10 in the Morning to 4 in the Afternoon
This is typically the time of day when the sun’s rays are at their strongest and can do the most damage. Expecting people to stay indoors during this timeframe is obviously not practical, but you can be extra cautious during these hours.
If you’re going to be outside during this time, try to stay in the shade or cover your body so less sun reaches your skin. And obviously, sunscreen is your friend whenever you’re outdoors, even if you’re covered or in the shade.
When shopping for sunscreen, however, it is important to buy a mineral-based one and not a chemical one. Chemical-based sunscreens may be cheaper, but they break down quickly, thus entering the body and potentially disrupting hormones.
Otherwise, if you can schedule your outside chores, your daily walk, a sporting event, and other things you like to do outside to either before 10 am or after 4 pm, you might be saving your skin.
Don’t Forget About Driving
If you spend a lot of time in your vehicle, you might actually be spending more time in the sun than you realize. Sun protection in your car is pretty important, especially for commuters.
The following tips can help protect you and your family from dangerous ultraviolet rays in the car:
Window film: Glass blocks UVB rays while windshields are usually treated to block some UVA rays. It’s the side and back windows that let in a lot of UVA radiation. Window films that block 100% of UVA and UVB rays are available and can protect your precious cargo.
Windows up: When your windows are rolled down, you’re exposed to the sun and get no protection from the glass in your windows or window films.
Tops up: While a convertible is a lot of fun, it also allows for a lot of ultraviolet exposure. Most skin cancer is discovered on and around the head and neck area, which is usually exposed when you’re driving down the highway with the top down and the wind in your hair.
No sunroofs: Even a sunroof lets a bit of light into the vehicle and leaves you unprotected.

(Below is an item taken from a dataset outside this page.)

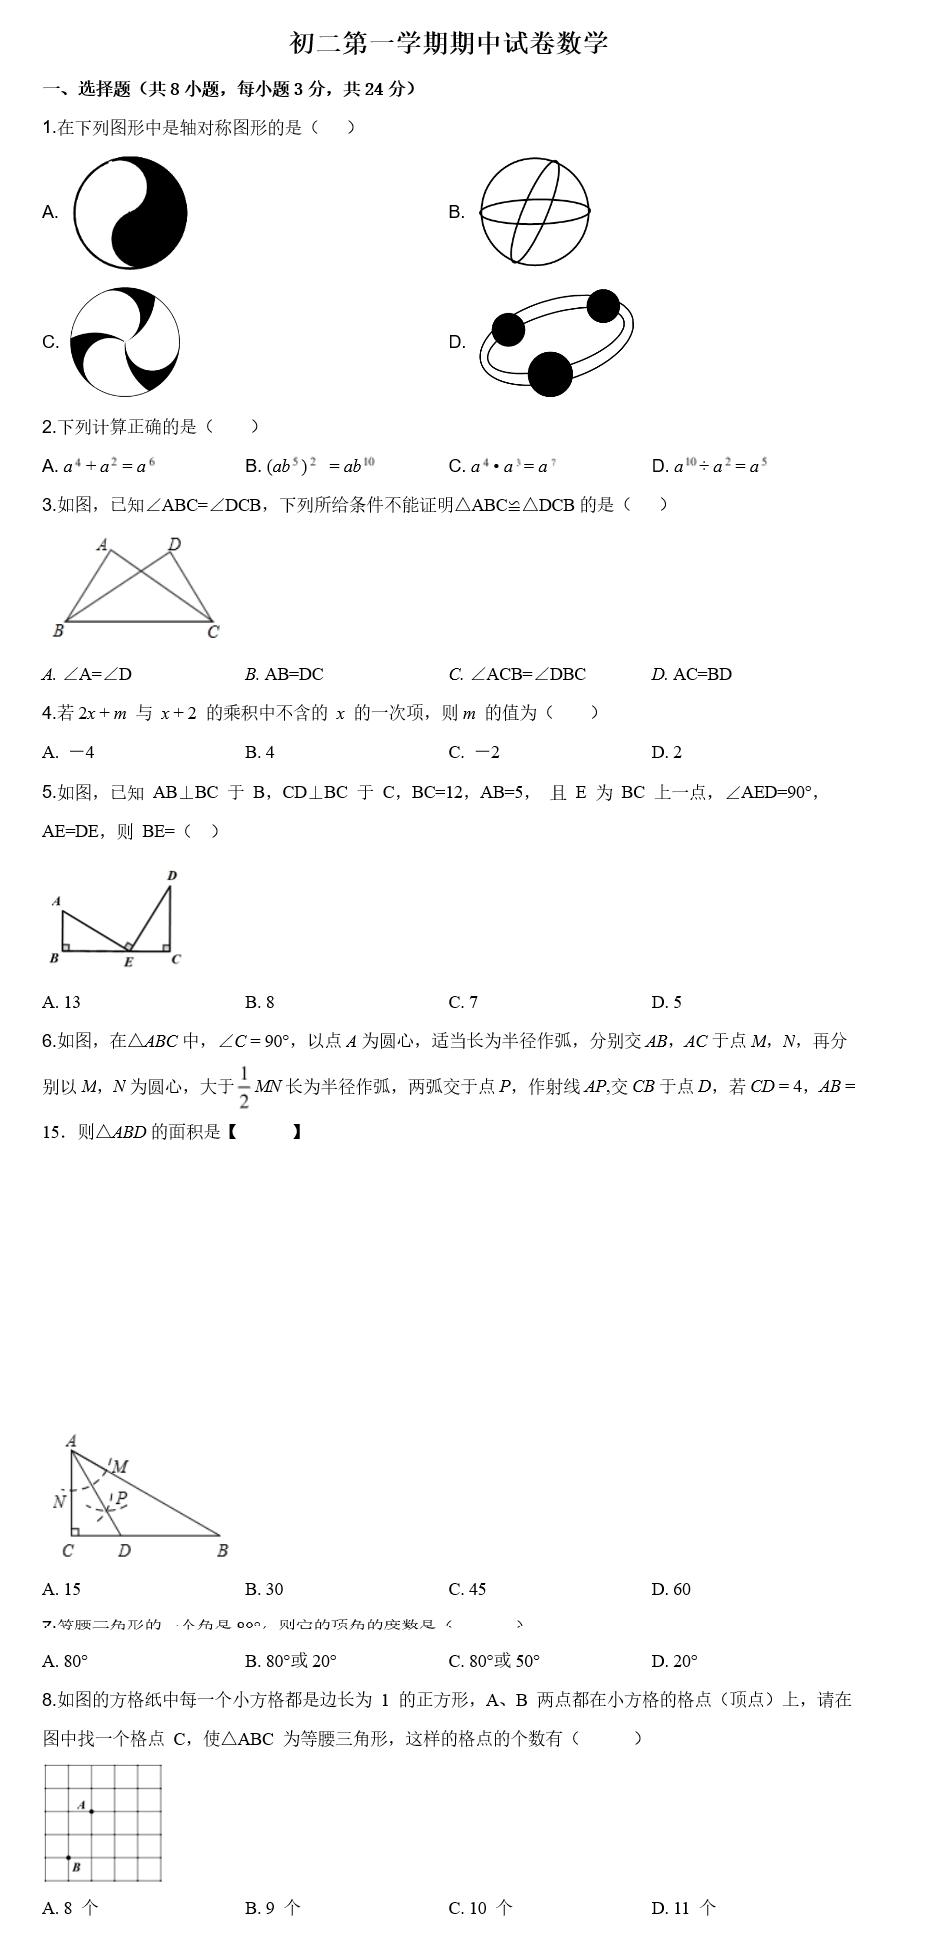 清华大学附属中学.png

10 and 2: Another very common area for skin cancer to crop up is on the arm. When you drive with an arm resting on the door with an open car window, you’re risking sun damage and not driving with your hands at 10 and 2 like your driver’s ed teacher taught you.
Use protection: Cover-up in the car to further protect yourself from the sun, long sleeves, a lightweight lap blanket, a hat, and sunglasses should always be in your car kit.
Get Checked Out
Early detection of skin cancer can mean a world of difference in the long run. Check your body out regularly, top to bottom, front and back, for anything that looks abnormal.

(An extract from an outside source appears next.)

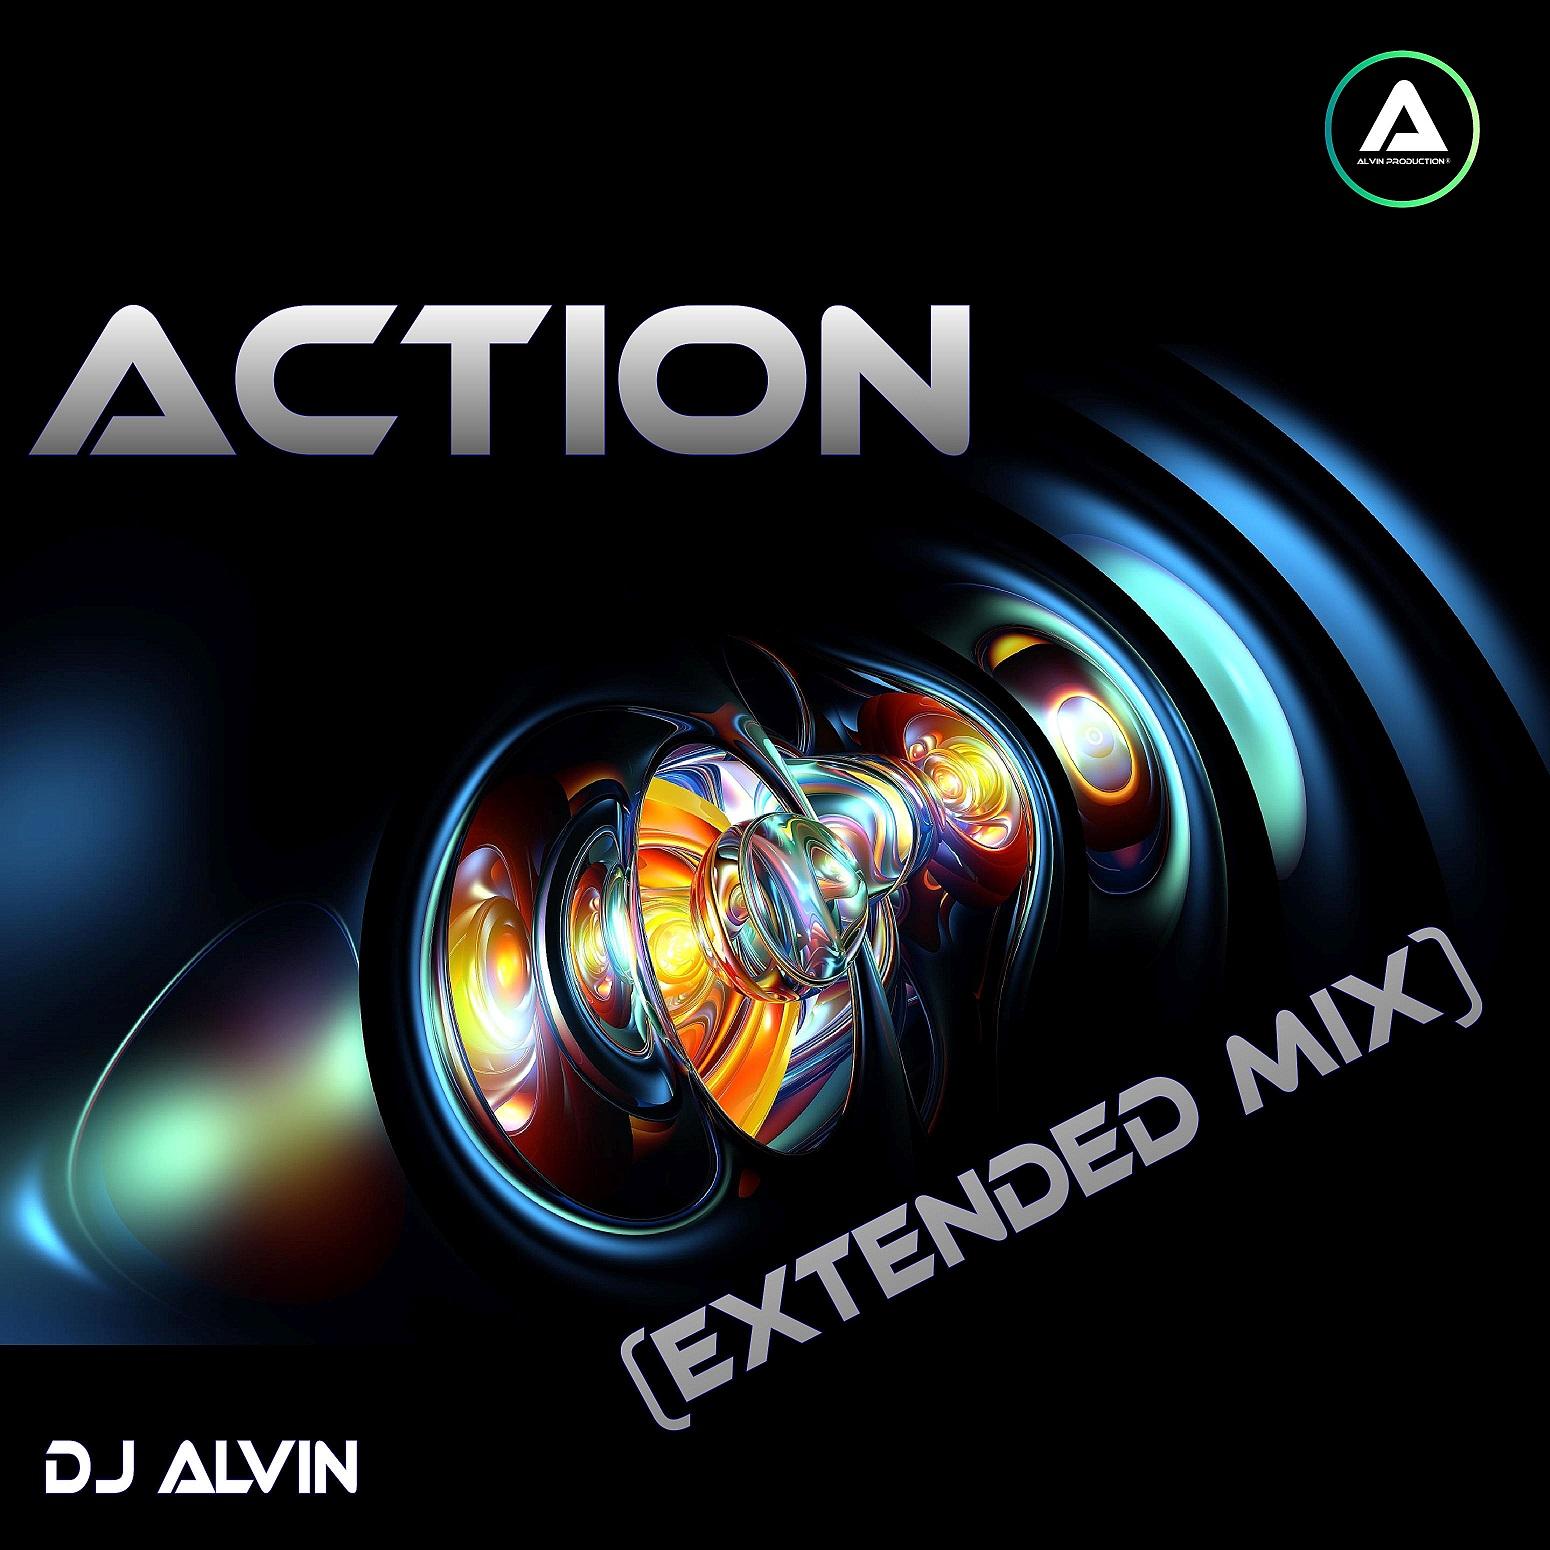 ALVIN-PRODUCTION ® - DJ Alvin - Action (Extended Mix)

It’s hard to look at your entire body, so enlisting the help of another is a good idea or use mirrors. It’s suggested you do a thorough check once a month.
In addition to your regular skin checks, you should have a dermatologist that you see once a year for a professional skin exam. If you happen to spot an abnormality, then make sure you get in to see them as soon as possible so you can take quick action if it is cancer.
The Bottom Line
Sunscreen is important and should be used as a supplemental line of defense against skin cancer, but it’s not the only way to guard yourself against dangerous ultraviolet radiation.

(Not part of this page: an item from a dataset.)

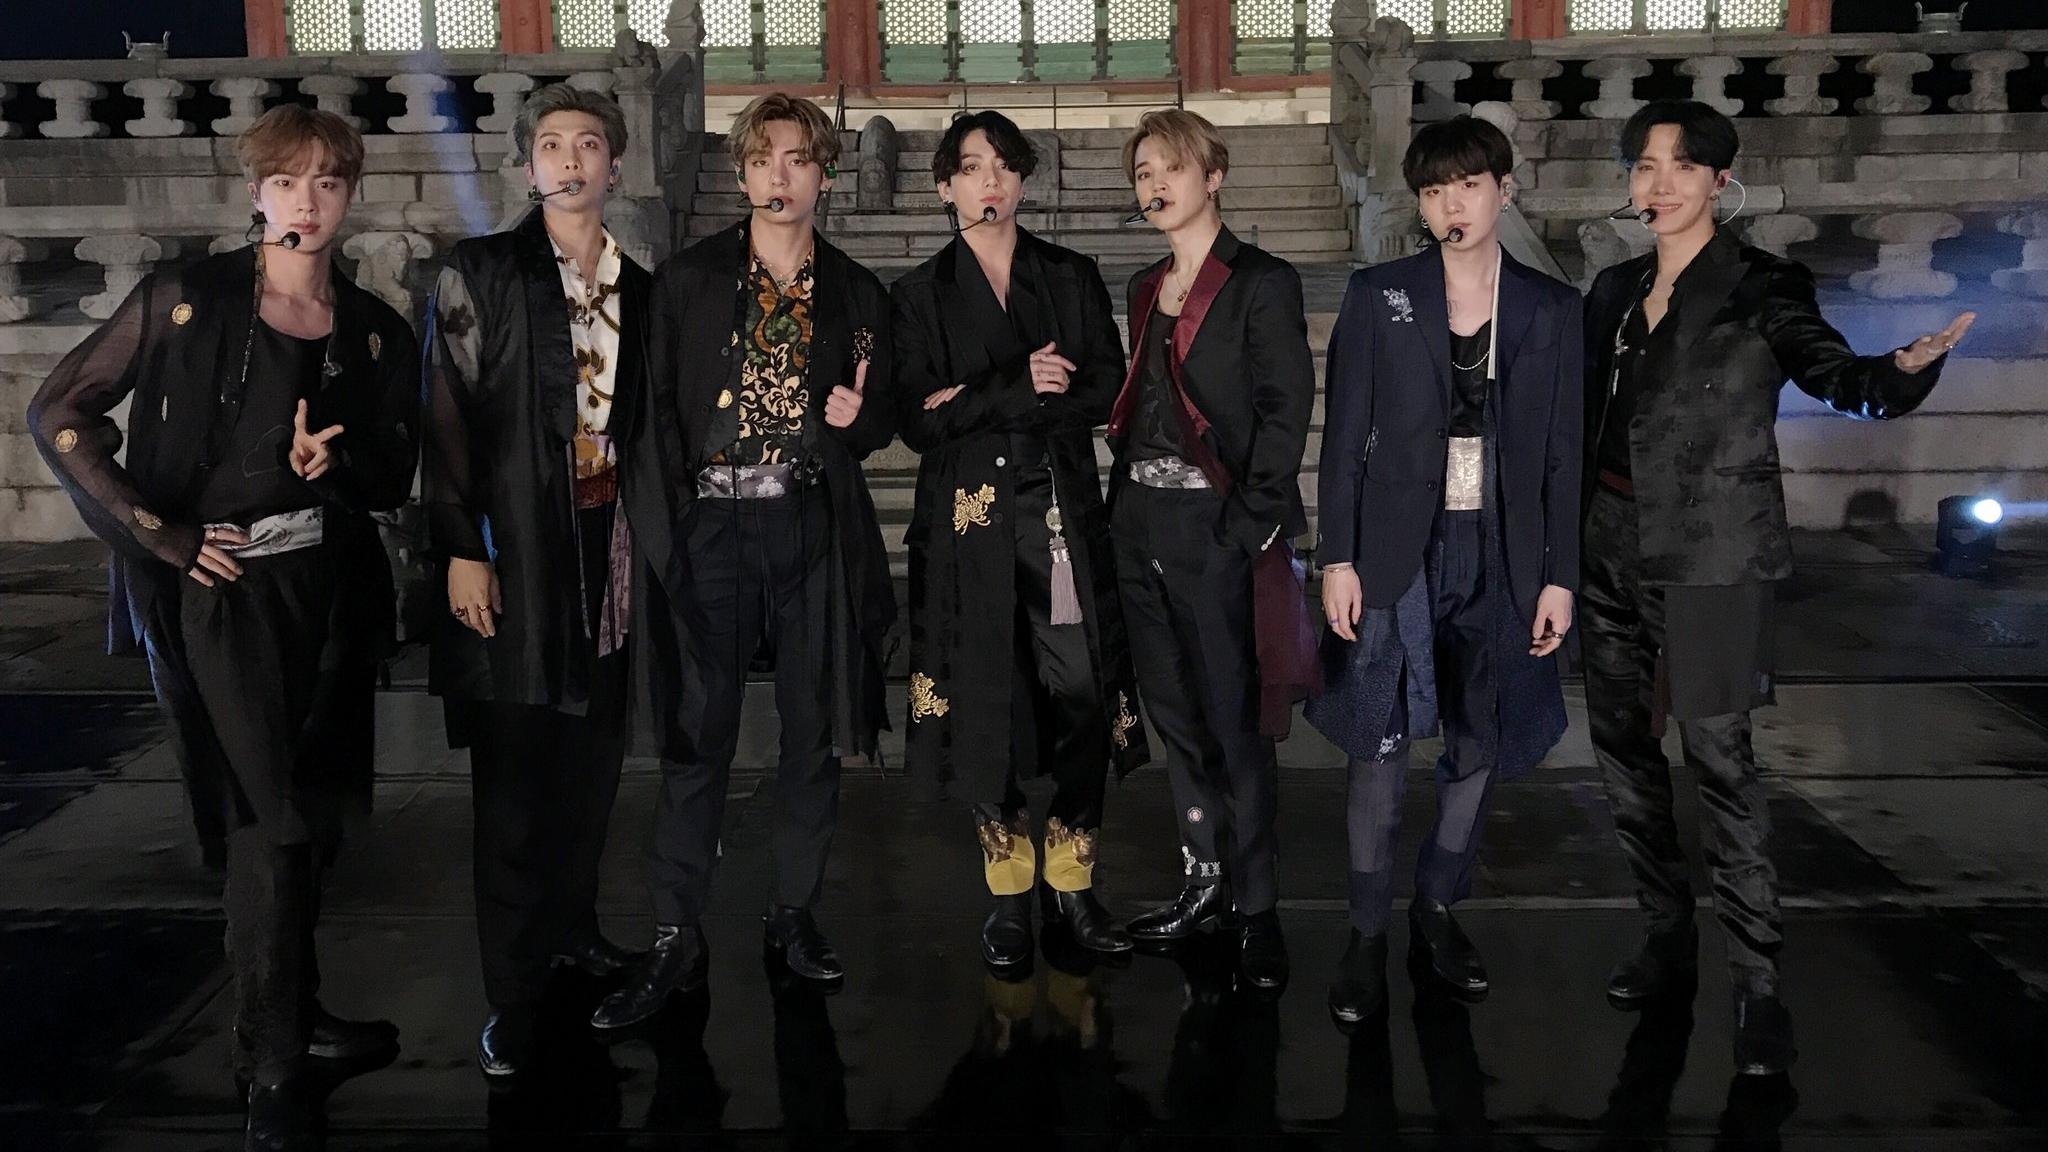 BTS Docufilm 'Break the Silence' Arrives in SM Cinemas This October

Avoiding the sun’s rays when you’re playing sports, gardening, having a picnic, and even driving is key to keeping your skin healthy. But you can also boost your skin’s health and give it a fighting advantage by eating more foods that are known to be rich in antioxidants.
Even if you do everything you’re supposed to, it’s still possible to develop skin cancer or other skin concerns. Routine visits to the dermatologist help you stay ahead of the game and give you a real advantage in the skin game.